Diese äußerst fruchtbare Zusammenarbeit zweier großer Wissenschaftler wurde nach sechs Jahren abrupt beendet, als Wilhelm Weber gemeinsam mit sechs anderen Göttinger Professoren (W. Albrecht, F.C. Dahlmann, H. Ewald, G.G. Gervinus, J. Grimm und W. Grimm) dem hannoverschen König Ernst August 1837 öffentlich Verfassungsbruch vorwarf. Der König bestrafte die sogenannten Göttinger Sieben mit Amtsenthebung. (Heute steht ein Denkmal der Göttinger Sieben am Landtag in Hannover und ein Modell davon im Foyer der Staats- und Universitätsbibliothek am Platz der Göttinger Sieben.) 

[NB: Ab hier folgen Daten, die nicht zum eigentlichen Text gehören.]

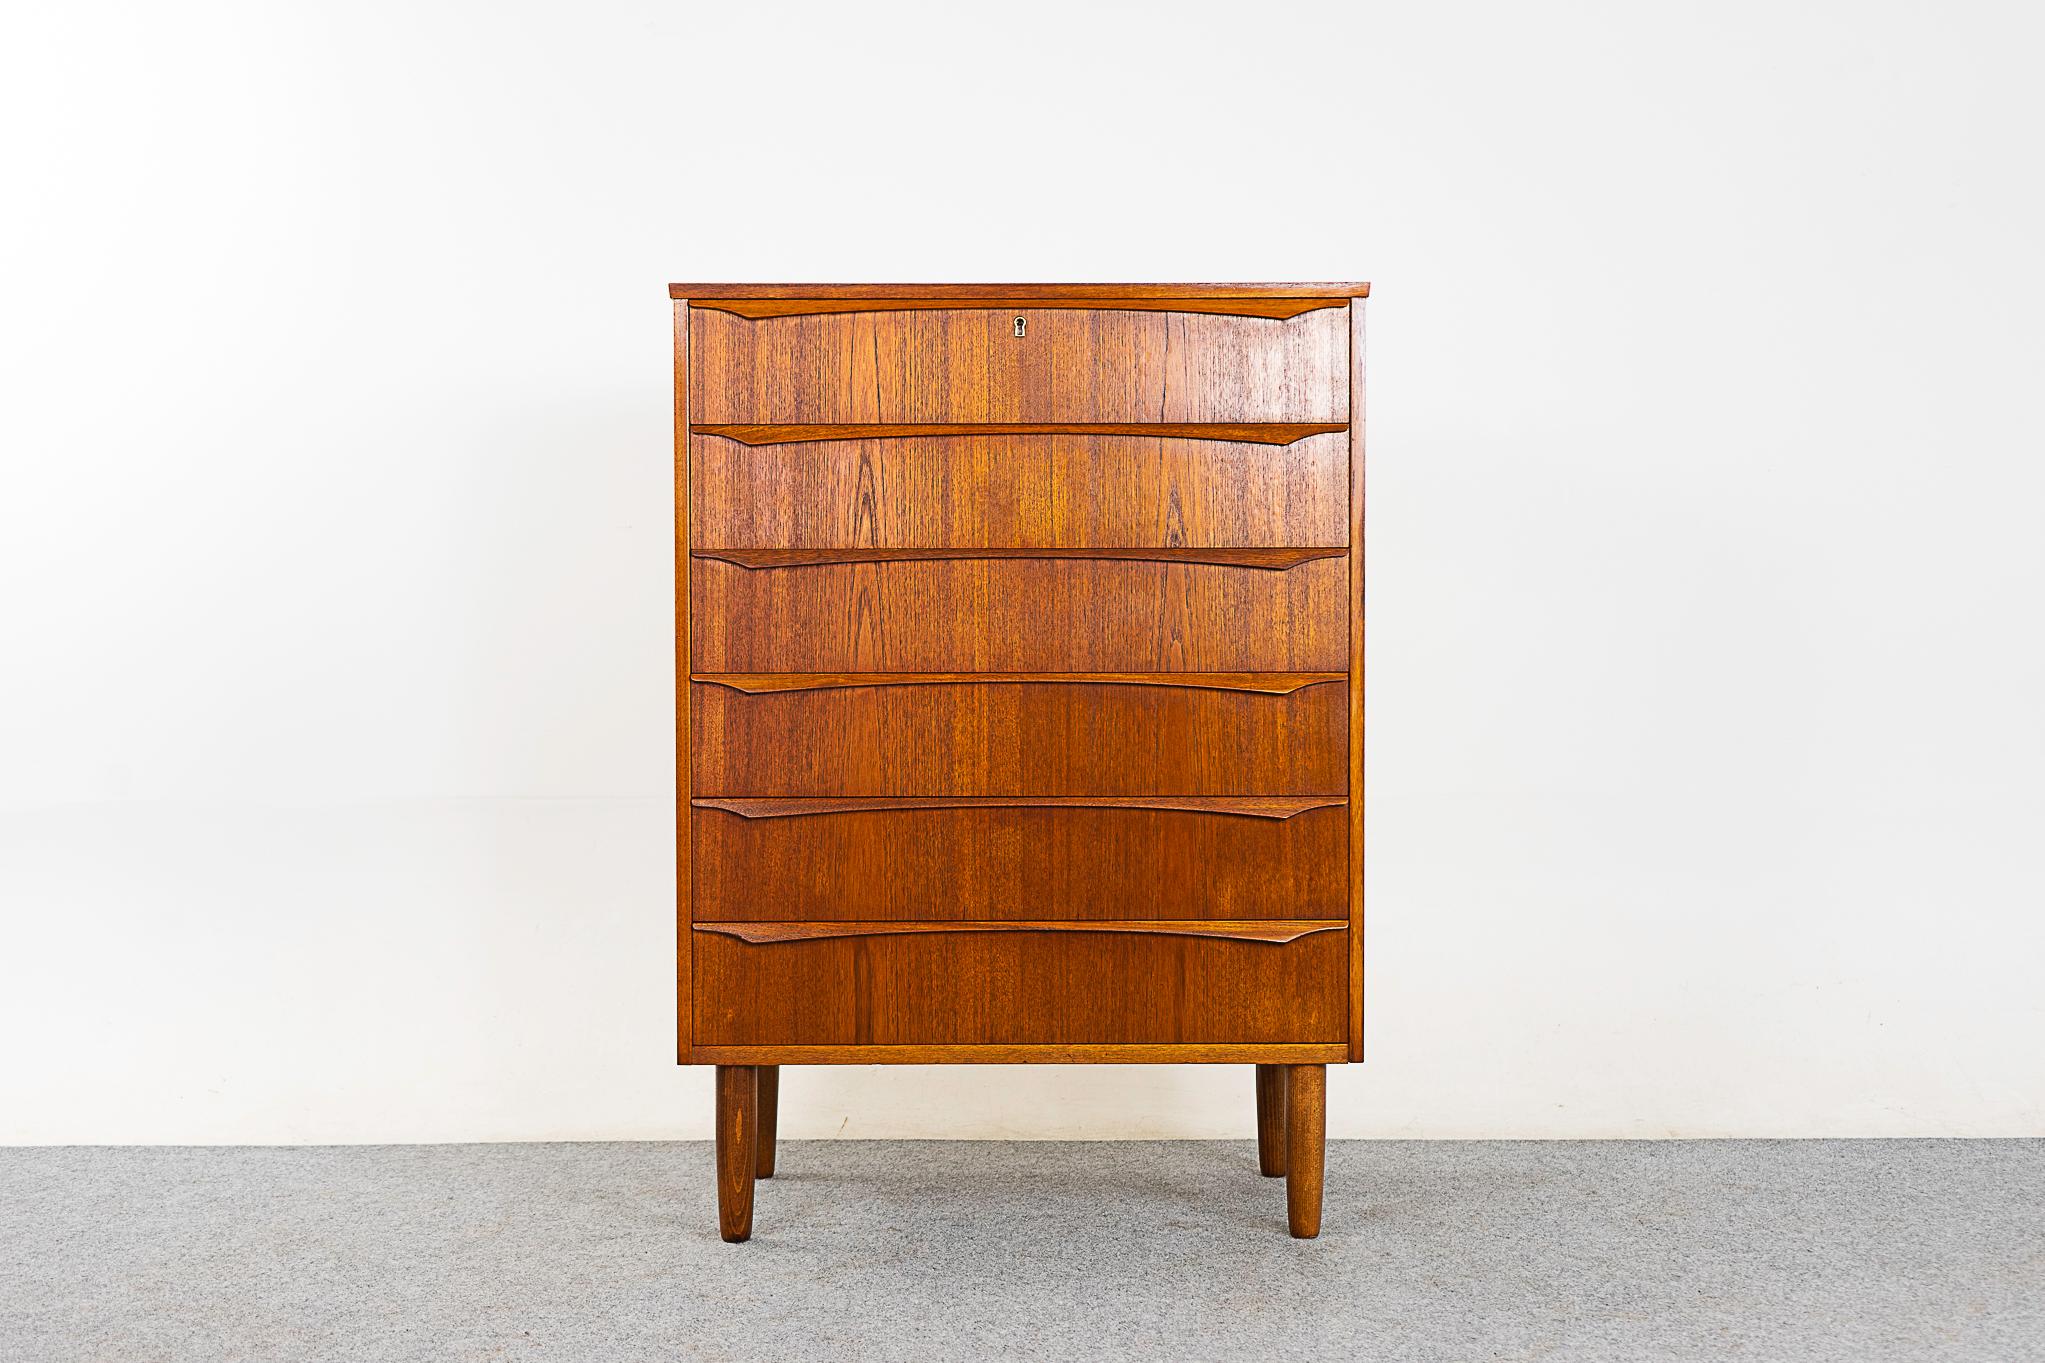 Teak Danish highboy dresser, circa 1960's. Solid wood edging with stunning book-matched veneer on all drawer faces. Integrated, horizontal drawer pulls and dovetail construction! Tapering solid oak legs.

Please inquire for international and remote

Um die Kooperation mit Gauß nicht gänzlich aufgeben zu müssen, blieb Weber zunächst als Privatgelehrter in der Stadt. Ernste finanzielle Probleme zwangen ihn aber dazu, 1842/43 das verwaiste Ordinariat für Physik an der Universität Leipzig zu übernehmen. Erst im Gefolge der Revolution von 1848 gelang es Gauß zu Ostern 1849 mit Unterstützung Ewalds, Weber wieder an die Georgia Augusta zu holen. Hier wandte Weber sich immer stärker dem Thema Elektrodynamik zu. Nach dem Tode seines Freundes Gauß 1855 wurde Weber Mitglied der provisorischen Direktion der Göttinger Sternwarte. 1856 gelang es ihm zusammen mit R. Kohlrausch, aus elektrischen Messungen die Lichtgeschwindigkeit zu bestimmen. Weber führte die absoluten Einheiten zur Messung der elektrischen Größen in die Elektrizitätslehre ein und legte damit auch auf diesem Gebiet wesentliche Grundlagen für die weitere Entwicklung. Die wissenschaftliche Praxis beförderte er durch die Erfindung zahlreicher Messgeräte, die die Grundlage für moderne Instrumente bilden. So ist die moderne Wechselstrommesstechnik ohne Webers Elektrodynamometer nicht denkbar. Wilhelm Weber gelang es darüber hinaus als erstem, akustische Schwingungen in elektrische umzuwandeln. Die physikalische Einheit „Weber“ („Wb“) bezeichnet den magnetischen Fluss und hat bis heute Gültigkeit. 1875, im Alter von 71 Jahren, gab Weber die Leitung des Physikalischen Instituts ab. 1886, anlässlich seines 60-jährigen Doktorjubiläums, ernannte die Stadt Göttingen Wilhelm Weber zu ihrem Ehrenbürger. 86-jährig starb Weber am 23.6.1891 in Göttingen.